Change-Id: I3b8aa9a52c13c41b48310d2f7c9c7426e1ff5f23
Reviewed-on: http://gerrit.cloudera.org:8080/17654
Reviewed-by: Impala Public Jenkins <impala-public-jenkins@cloudera.com>
Tested-by: Impala Public Jenkins <impala-public-jenkins@cloudera.com>
2021-07-20 23:58:06 +00:00
Zoltan Borok-Nagy
d0749d59de IMPALA-10732: Use consistent DDL for specifying Iceberg partitions
Currently we have a DDL syntax for defining Iceberg partitions that
differs from SparkSQL:
https://iceberg.apache.org/spark-ddl/#partitioned-by

E.g. Impala is using the following syntax:

CREATE TABLE ice_t (i int, s string, ts timestamp, d date)
PARTITION BY SPEC (i BUCKET 5, ts MONTH, d YEAR)
STORED AS ICEBERG;

The same in Spark is:

CREATE TABLE ice_t (i int, s string, ts timestamp, d date)
USING ICEBERG
PARTITIONED BY (bucket(5, i), months(ts), years(d))

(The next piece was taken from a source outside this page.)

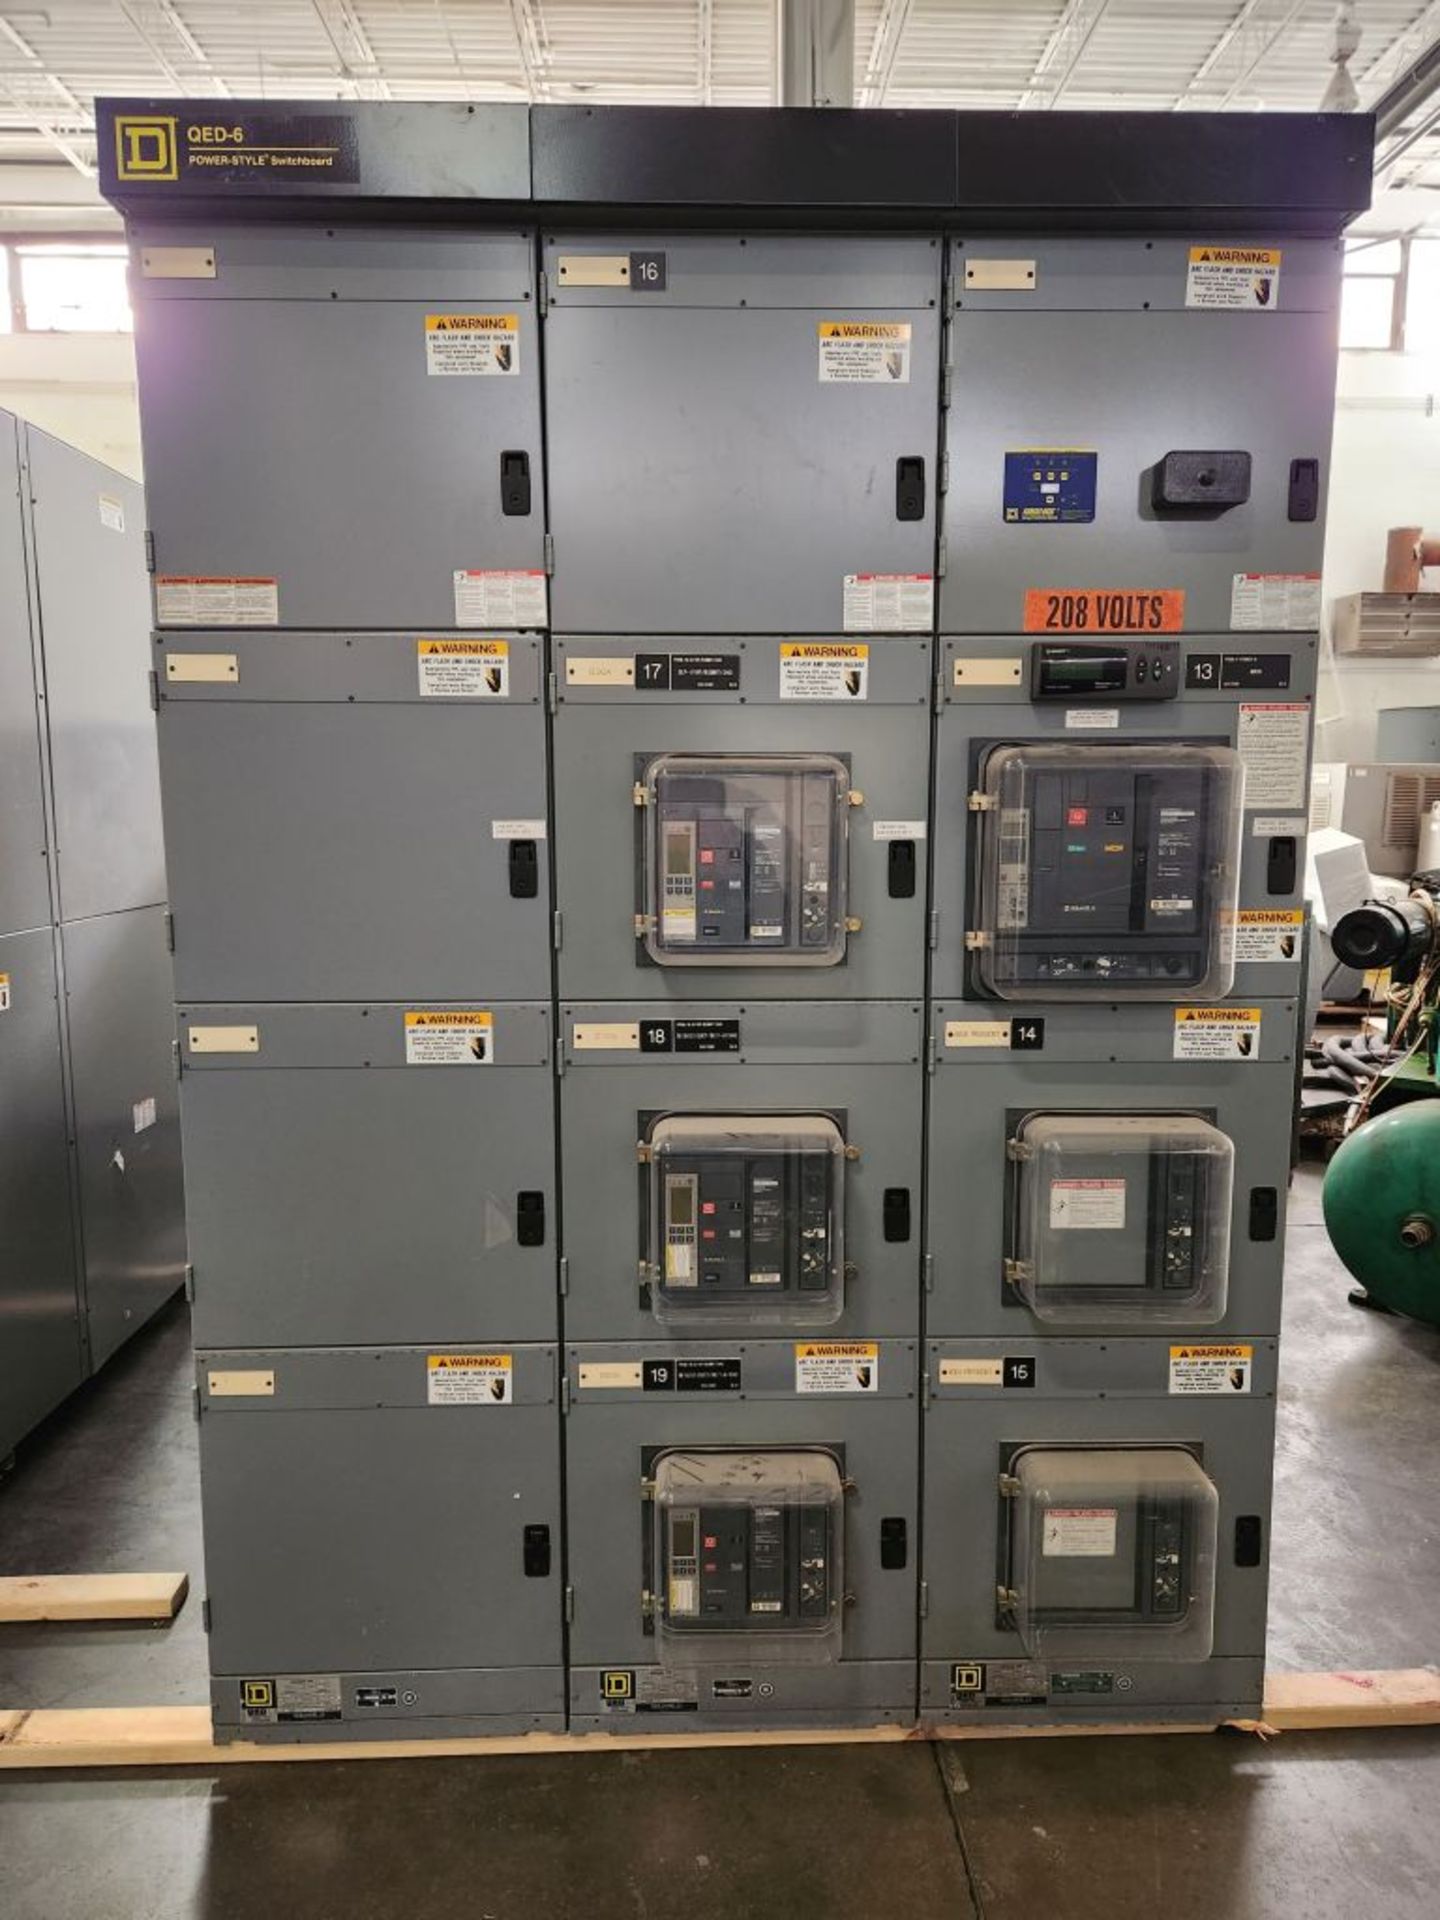 Minneapolis, MN - Square D QED-6 Power Style 2000A Switchgear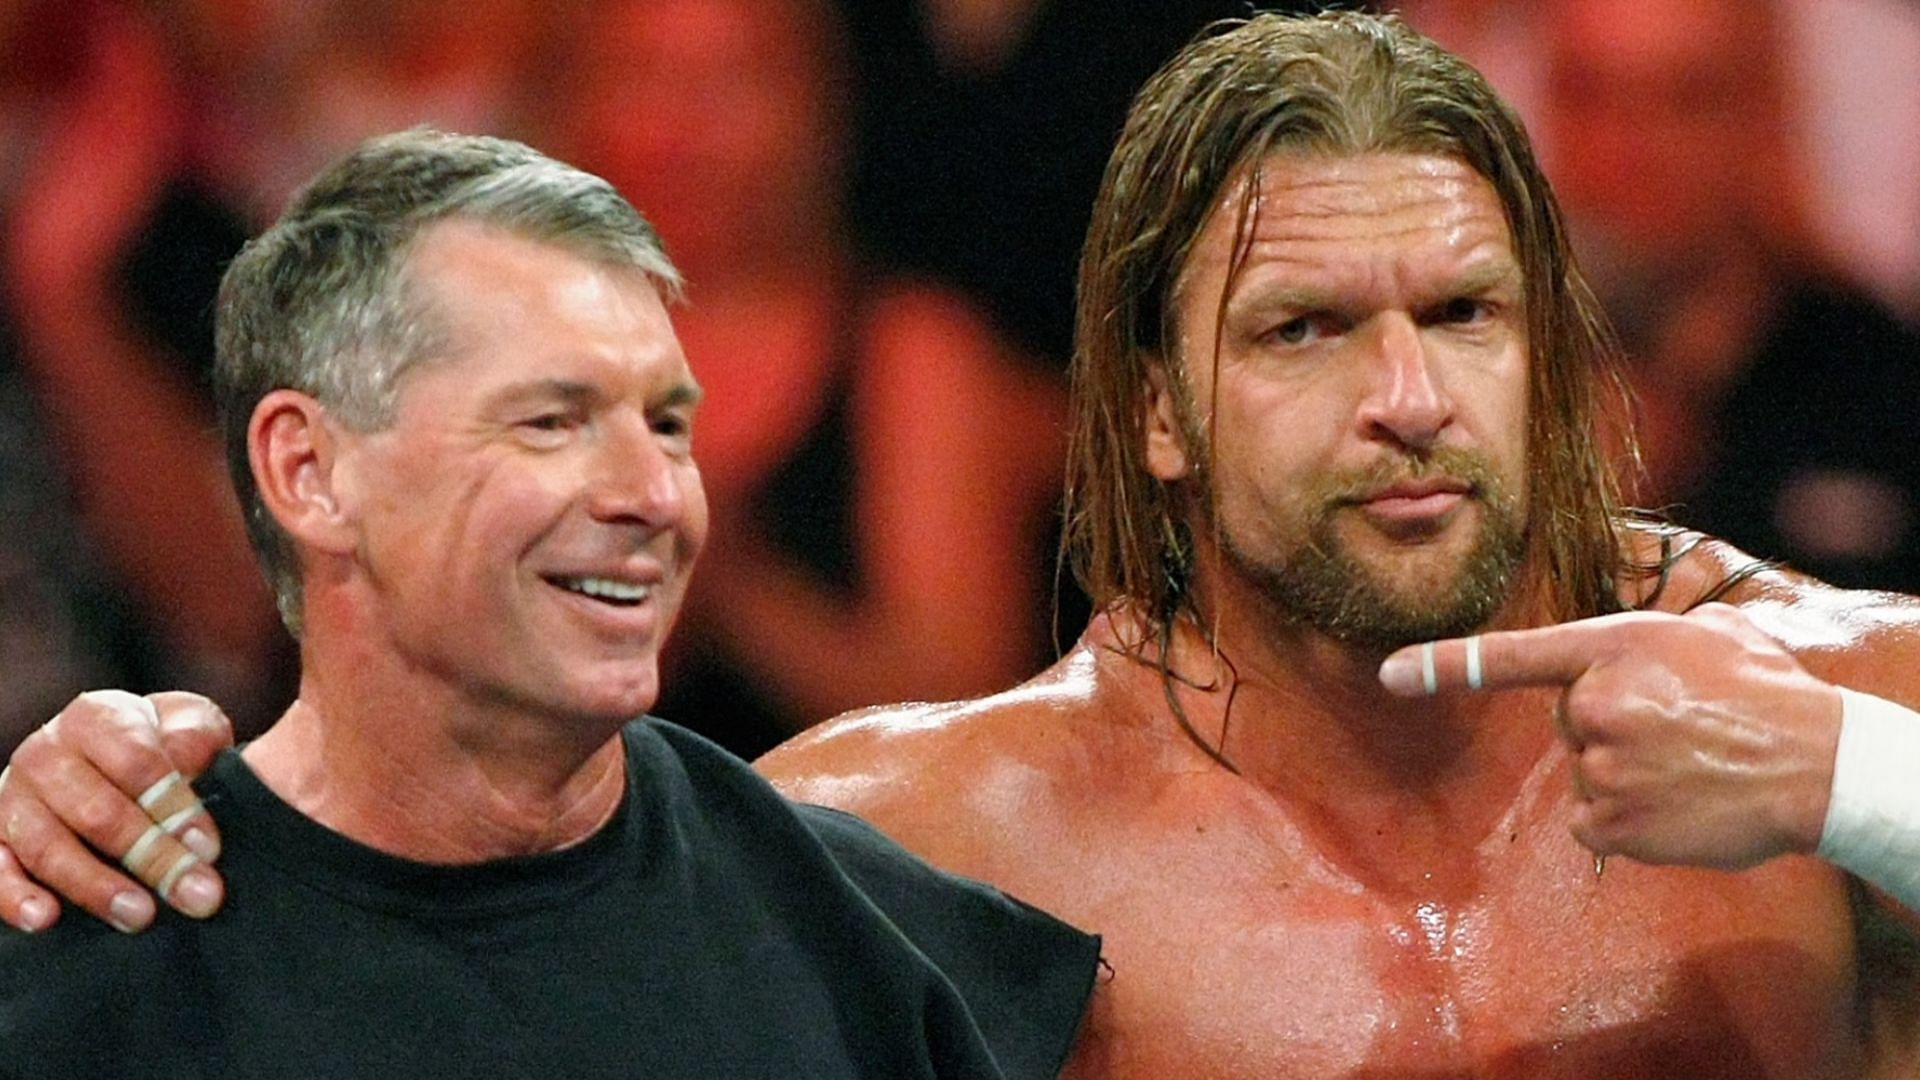 Triple H is the Chief Content Officer of WWE since Vince McMahon

HIVE-25179 added the following syntax for Hive:

CREATE TABLE ice_t (i int, s string, ts timestamp, d date)
PARTITIONED BY SPEC (bucket(5, i), months(ts), years(d))
STORED BY ICEBERG;

I.e. the same syntax as Spark, but adding the keyword "SPEC".

This patch makes Impala use Hive's syntax, i.e. we will also
use the PARTITIONED BY SPEC clause + the unified partition
transform syntax.

Testing:
 * existing tests has been rewritten with the new syntax

Change-Id: Ib72ae445fd68fb0ab75d87b34779dbab922bbc62
Reviewed-on: http://gerrit.cloudera.org:8080/17575
Reviewed-by: Impala Public Jenkins <impala-public-jenkins@cloudera.com>
Tested-by: Impala Public Jenkins <impala-public-jenkins@cloudera.com>
2021-07-15 15:15:07 +00:00
Zoltan Borok-Nagy
08367e91f0 IMPALA-10452: CREATE Iceberg tables with old PARTITIONED BY syntax
For convenience this patch adds support with the old-style
CREATE TABLE ... PARTITIONED BY ...; syntax for Iceberg tables.

So users should be able to write the following:

CREATE TABLE ice_t (i int)
PARTITIONED BY (p int)
STORED AS ICEBERG;

Which should be equivalent to this:

CREATE TABLE ice_t (i int, p int)
PARTITION BY SPEC (p IDENTITY)
STORED AS ICEBERG;

Please note that the old-style CREATE TABLE statement creates
IDENTITY-partitioned tables. For other partition transforms the
users must use the new, more generic syntax.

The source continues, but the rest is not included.